De acordo com a Organização Mundial da Saúde (OMS), para a prática sexual ser saudável, ela deve preservar o bem-estar biopsicossocial do ser humano.
Em outras palavras, os comportamentos sexuais só devem ser acompanhados clinicamente caso afetem negativamente a vida do indivíduo e daqueles que se relacionam com ele.
O sadismo, por exemplo, só é considerado uma doença quando a pessoa se excita sexualmente com violência não consensual ou fantasiada, colocando a própria vida e a dos outros em risco.

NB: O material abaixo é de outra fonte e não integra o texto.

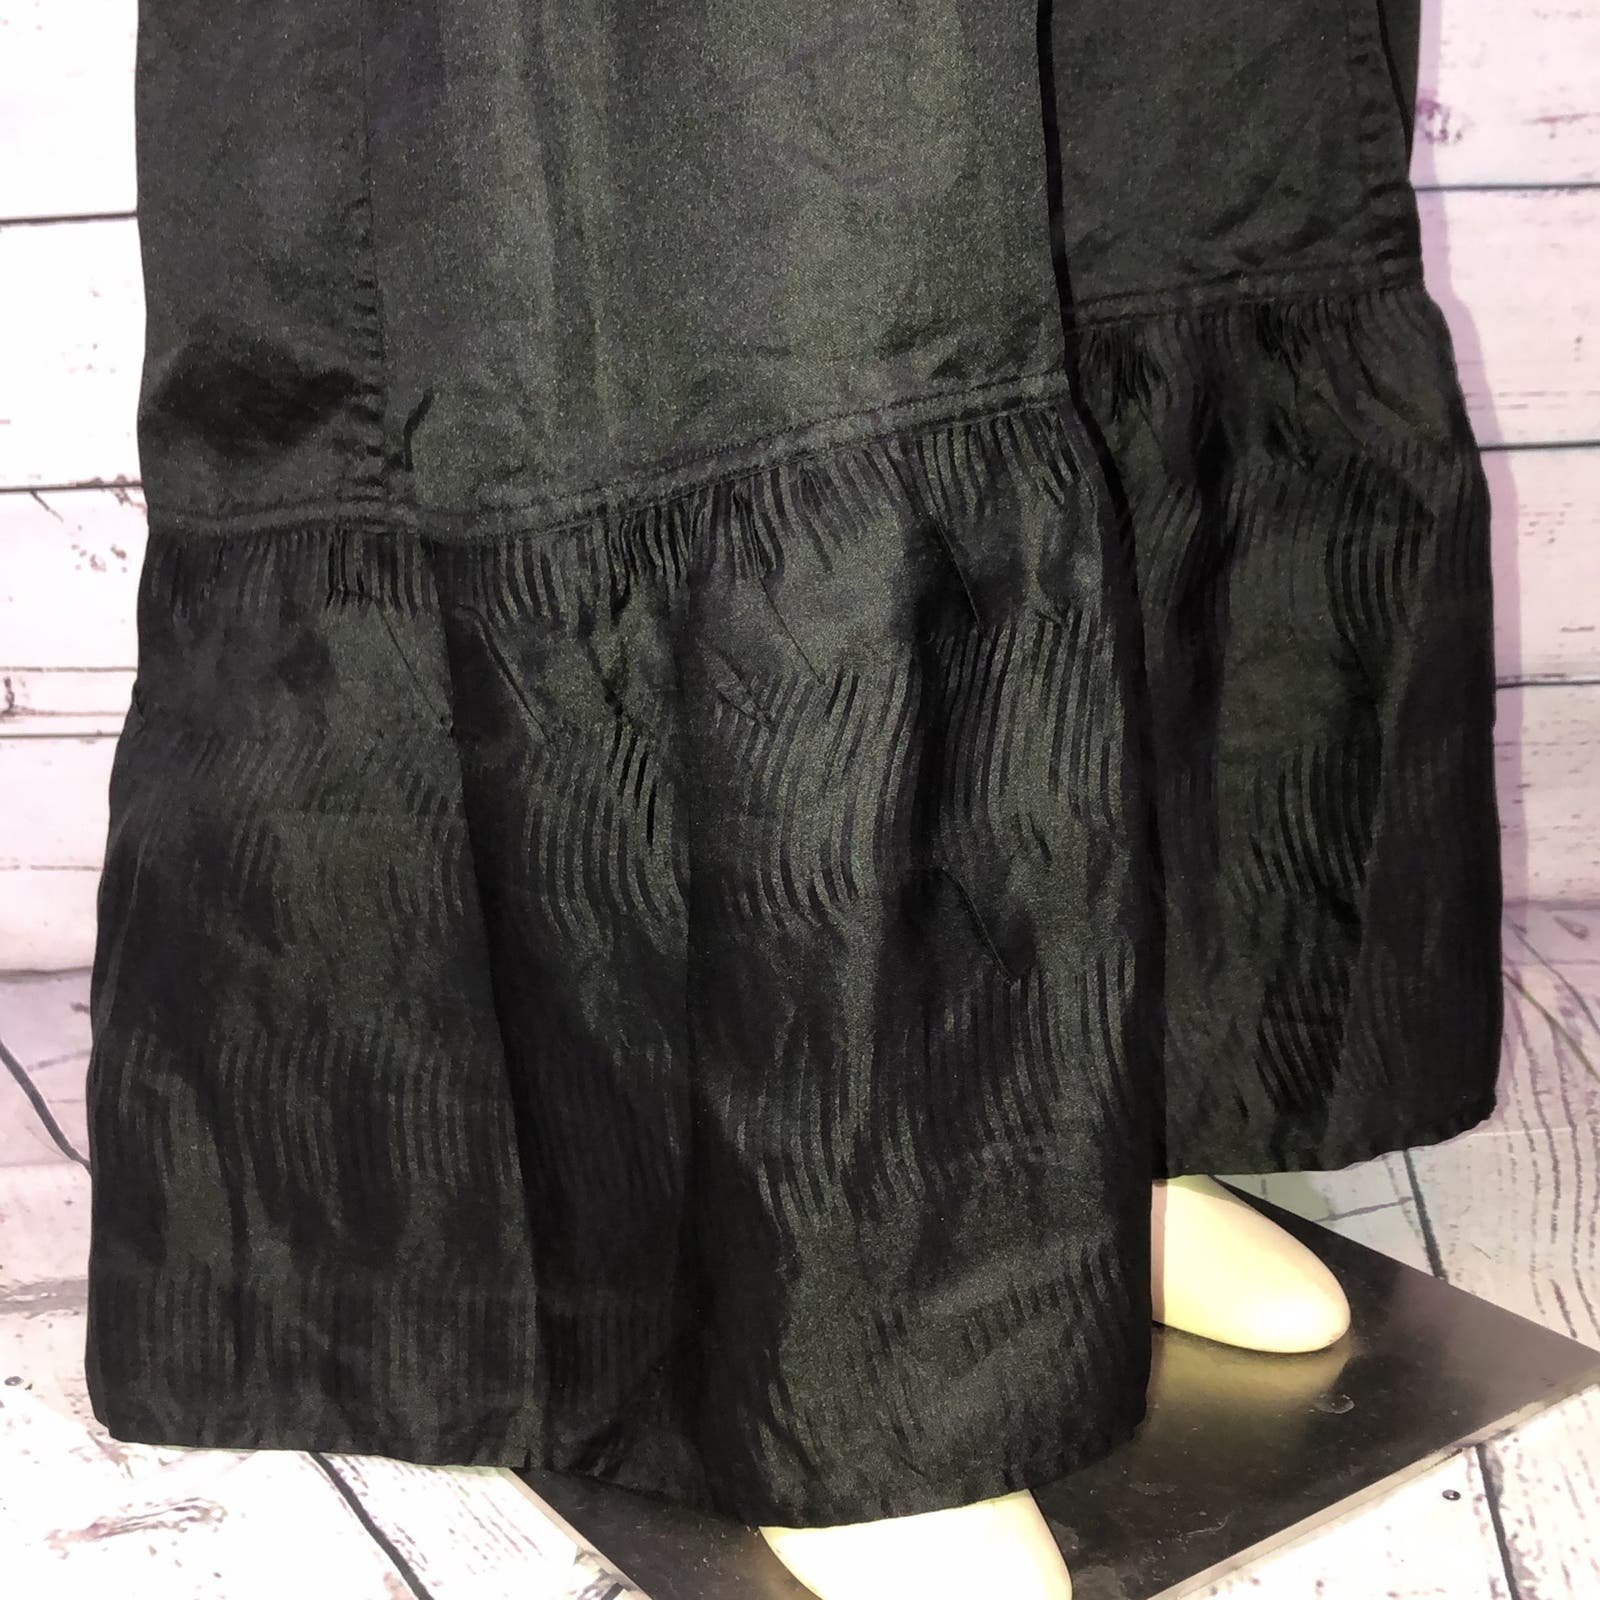 floor price American Vintage black maxi underskirt black with adjustable waist fhn7k5UkG Wholesale
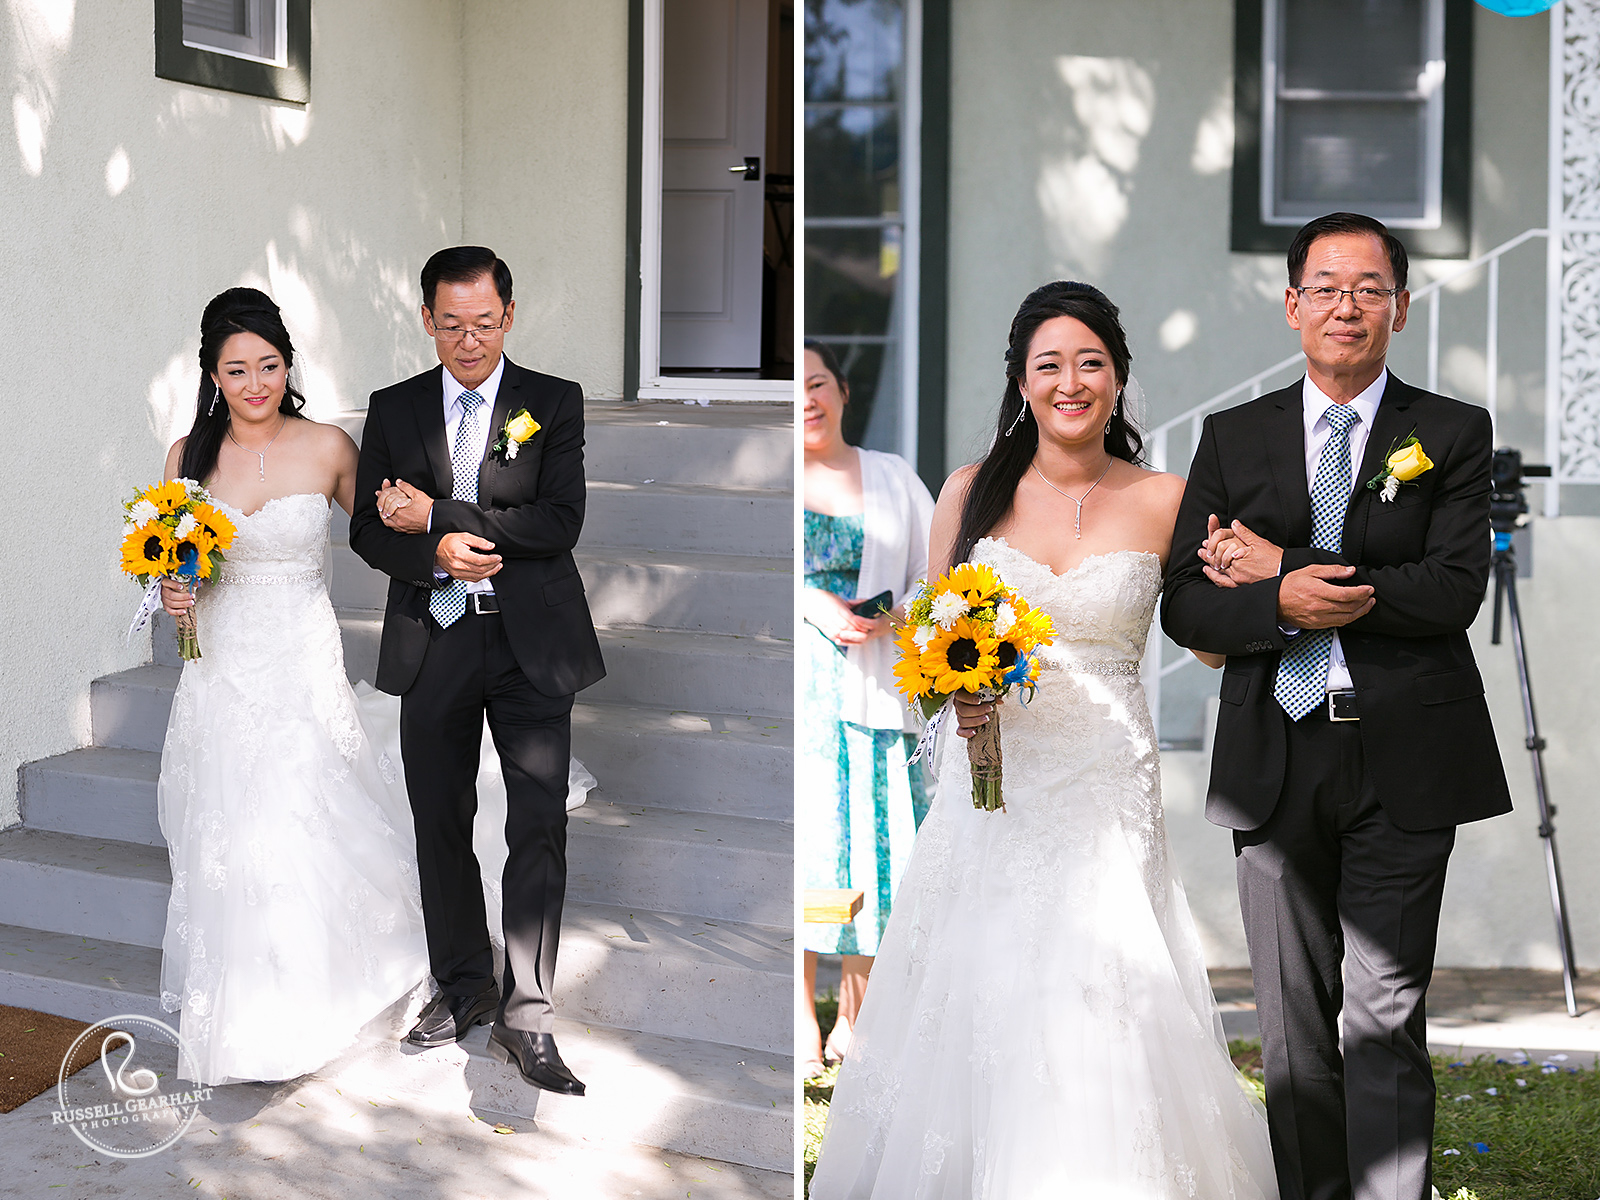 Father walks bride down the aisle – Altadena Backyard Wedding – Russell Gearhart Photography – www.gearhartphoto.com

"Se a pessoa não sofrer e não prejudicar terceiros, não é uma patologia. O importante é sempre saber quem está no controle: você manda no seu desejo ou o desejo manda em você?", indaga Marcos.
Autoestima x sadomasoquismo: existe relação?
A sexualidade é um reflexo de nossas particularidades e, portanto, não há respostas definitivas. "Entre o preto e o branco, qualquer comportamento pode ser pintado com muitos tons de cinza", metaforiza Marcos.
Entretanto, tudo é possível: há quem busque no BDSM um escape para suas complicações mentais-afetivas-sociais. É como se o submisso procurasse reafirmar suas inseguranças no sexo sadomasoquista.
Em contrapartida, outras pessoas podem ter uma autoestima alta e, por isso, buscam outros pontos de vista nas mais variadas áreas da vida, incluindo a sexual.
"Curiosamente, muitas posições sociais de poder (liderança, riqueza, autoritarismo) levam o indivíduo a práticas sexuais contrárias à sua posição (querer ser pisoteado e xingado nos bastidores sexuais)", exemplifica.
Por isso, é importante reservar momentos de reflexão e autoconhecimento na rotina para entender o que nos motiva a tomar certas decisões, sejam elas sexuais ou não.
BDSM empodera as mulheres?
"Pense na personagem Mulher Maravilha. No início, a personagem foi censurada das bancas de revistas por ser sádica, já que usava seu laço da verdade para submeter os homens à sua vontade", ilustra Marcos.
Para o sexólogo, a super-heroína e outras mulheres reais inspiraram as pessoas a dominarem diversos aspectos de suas vidas, incluindo a sexual.
Por isso, assumir um papel de controle no sexo pode reafirmar a quebra dos padrões machistas da sociedade, especialmente na cama - onde, historicamente, muitas mulheres foram e são submetidas aos desejos do homem.
Referências
- Marcos Santos, sexólogo, terapeuta, conselheiro sexual e especialista em Sexualidade Humana na plataforma Sexo sem Dúvida
- Organização Mundial de Saúde (OMS).